WORK REQUEST
Repeat the listing word for word. Leave every picture out.

COLLECTED MATERIAL

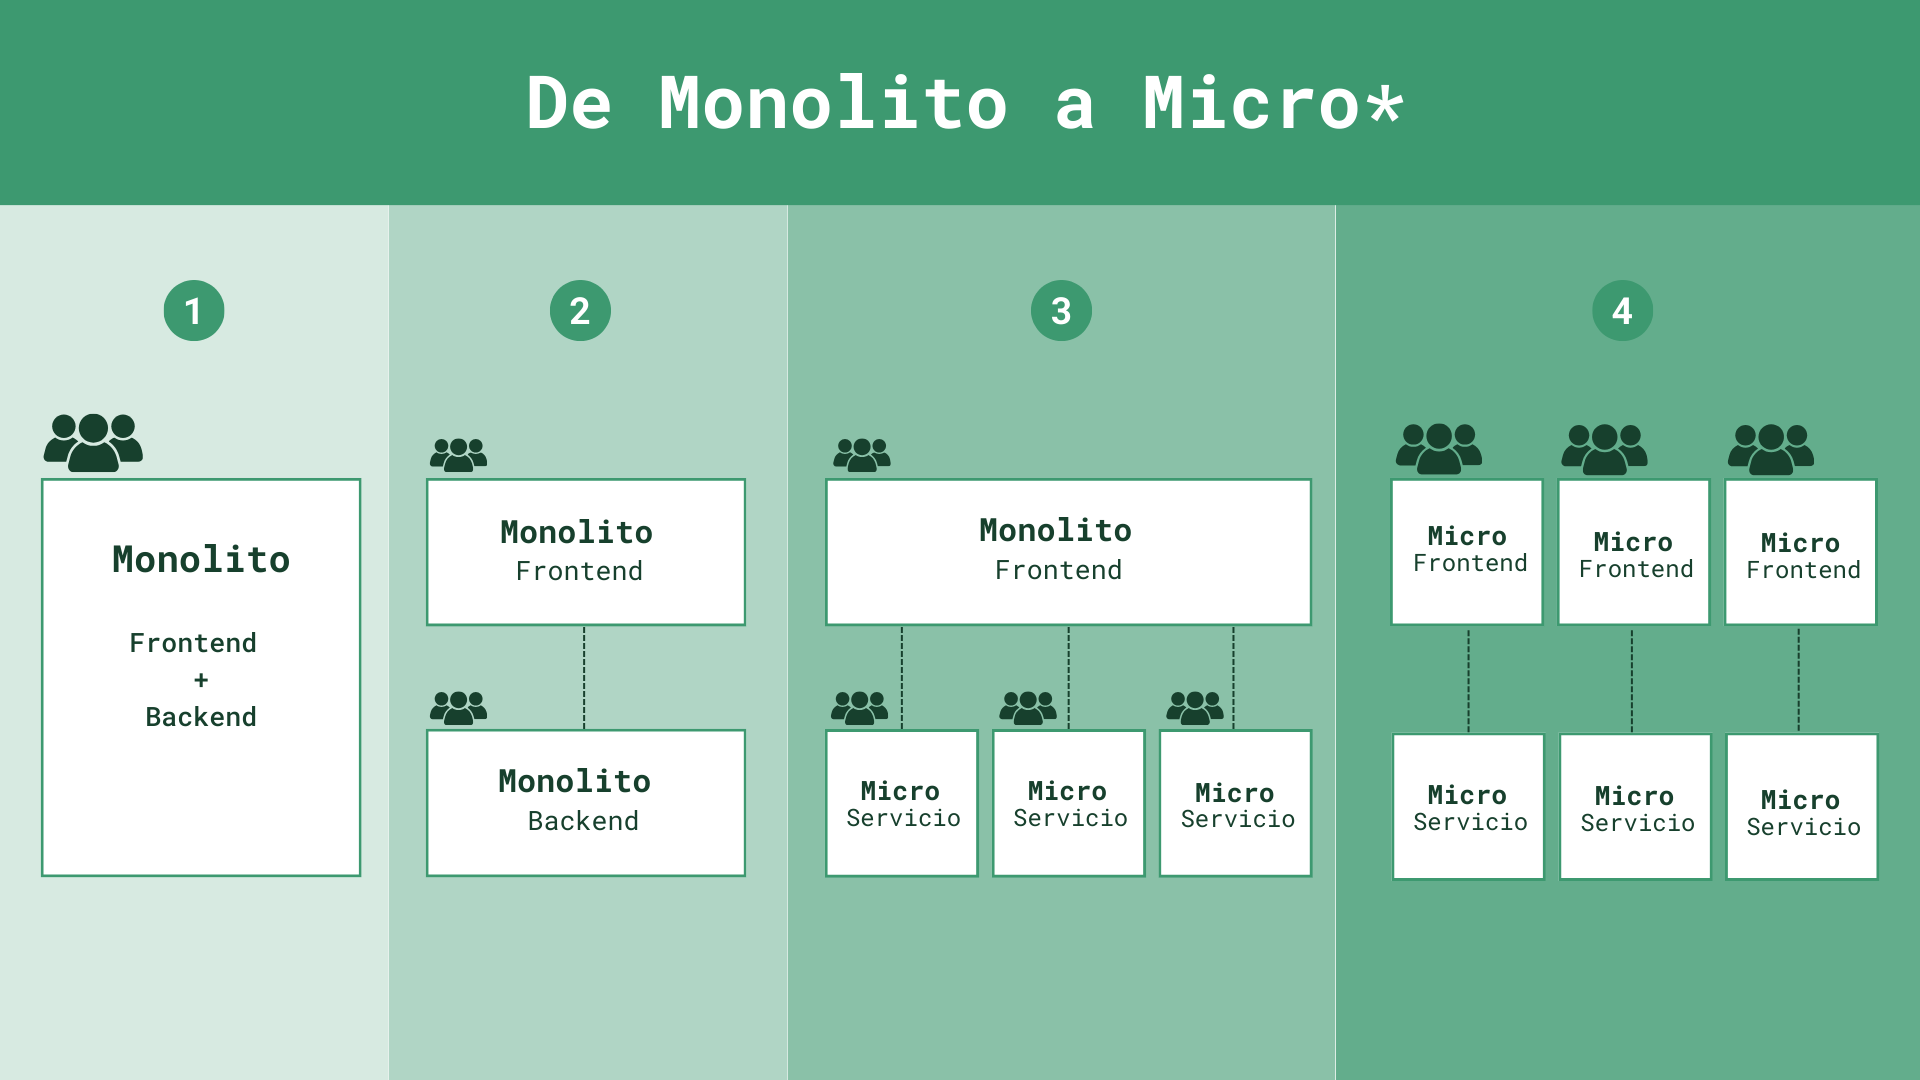 Imagen que muestra diferentes tipos de arquitectura: Monolito, Monolito de front y Monolito de back, Monolito de front y micro servicios en back, Micro frontends y Micro servicios 
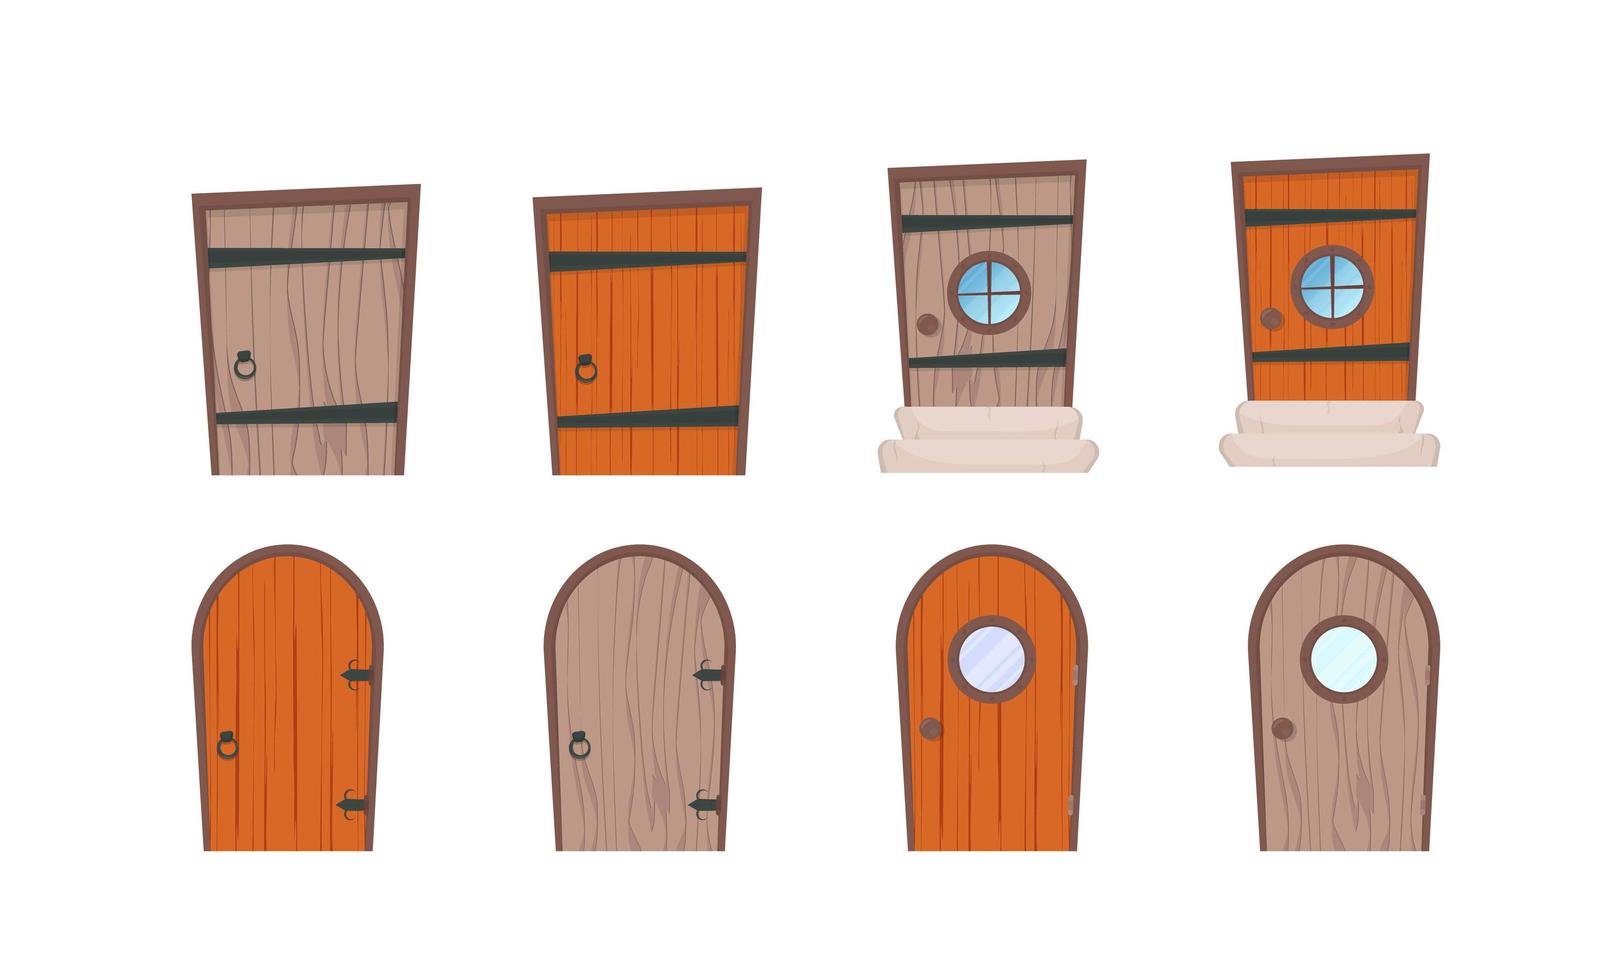 Reihe von Holztüren im Cartoon-Stil. Elemente für die Gestaltung von Spielen oder Häusern. isoliert. Vektor-Illustration. vektor
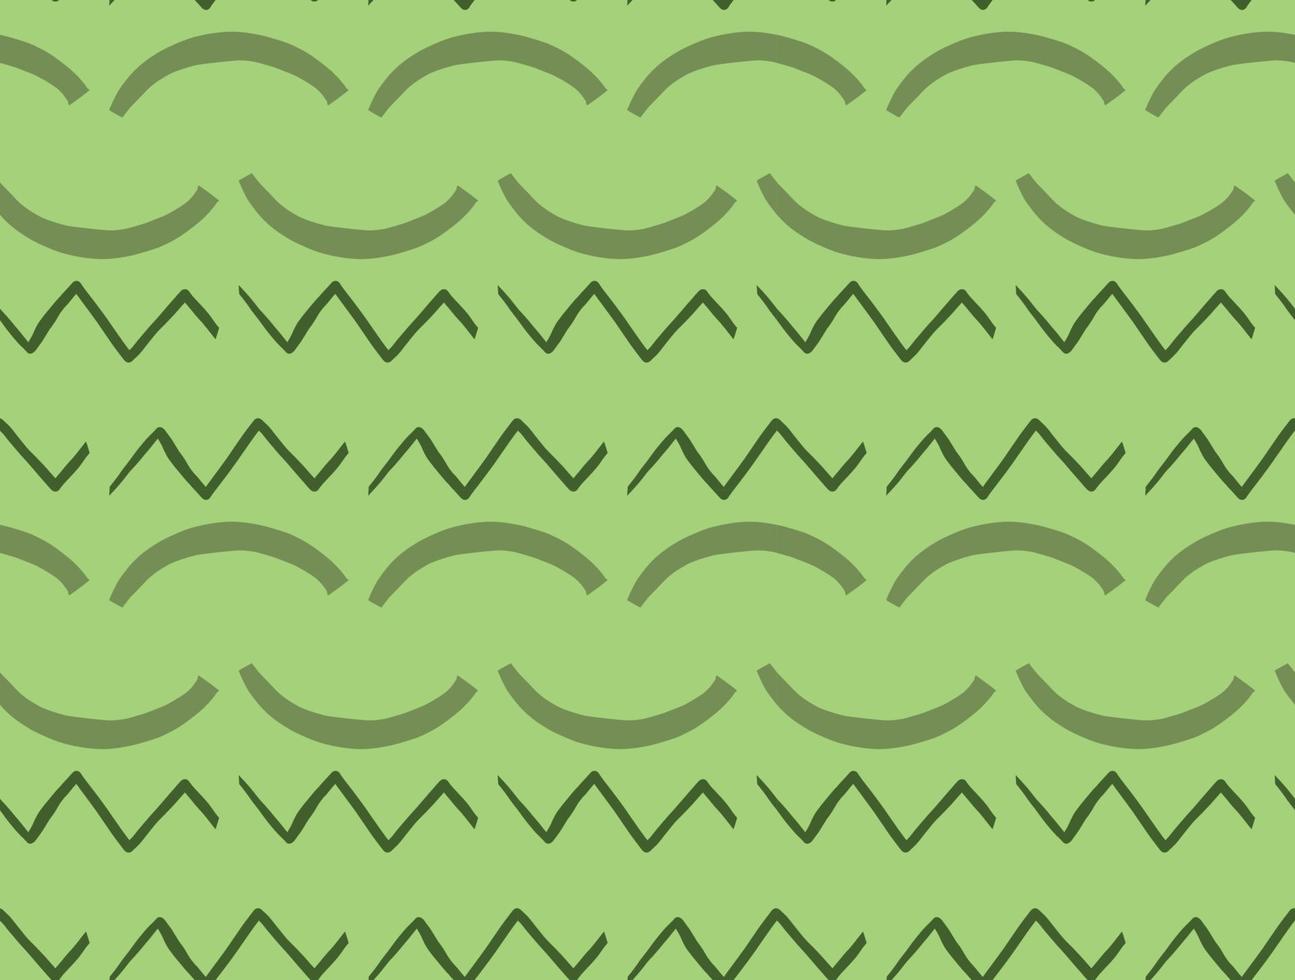 Vector texture di sfondo, seamless pattern. disegnati a mano, colori verdi.

OUTPUT
 Imagen que muestra diferentes tipos de arquitectura: Monolito, Monolito de front y Monolito de back, Monolito de front y micro servicios en back, Micro frontends y Micro servicios 
 Reihe von Holztüren im Cartoon-Stil. Elemente für die Gestaltung von Spielen oder Häusern. isoliert. Vektor-Illustration. vektor
 Vector texture di sfondo, seamless pattern. disegnati a mano, colori verdi.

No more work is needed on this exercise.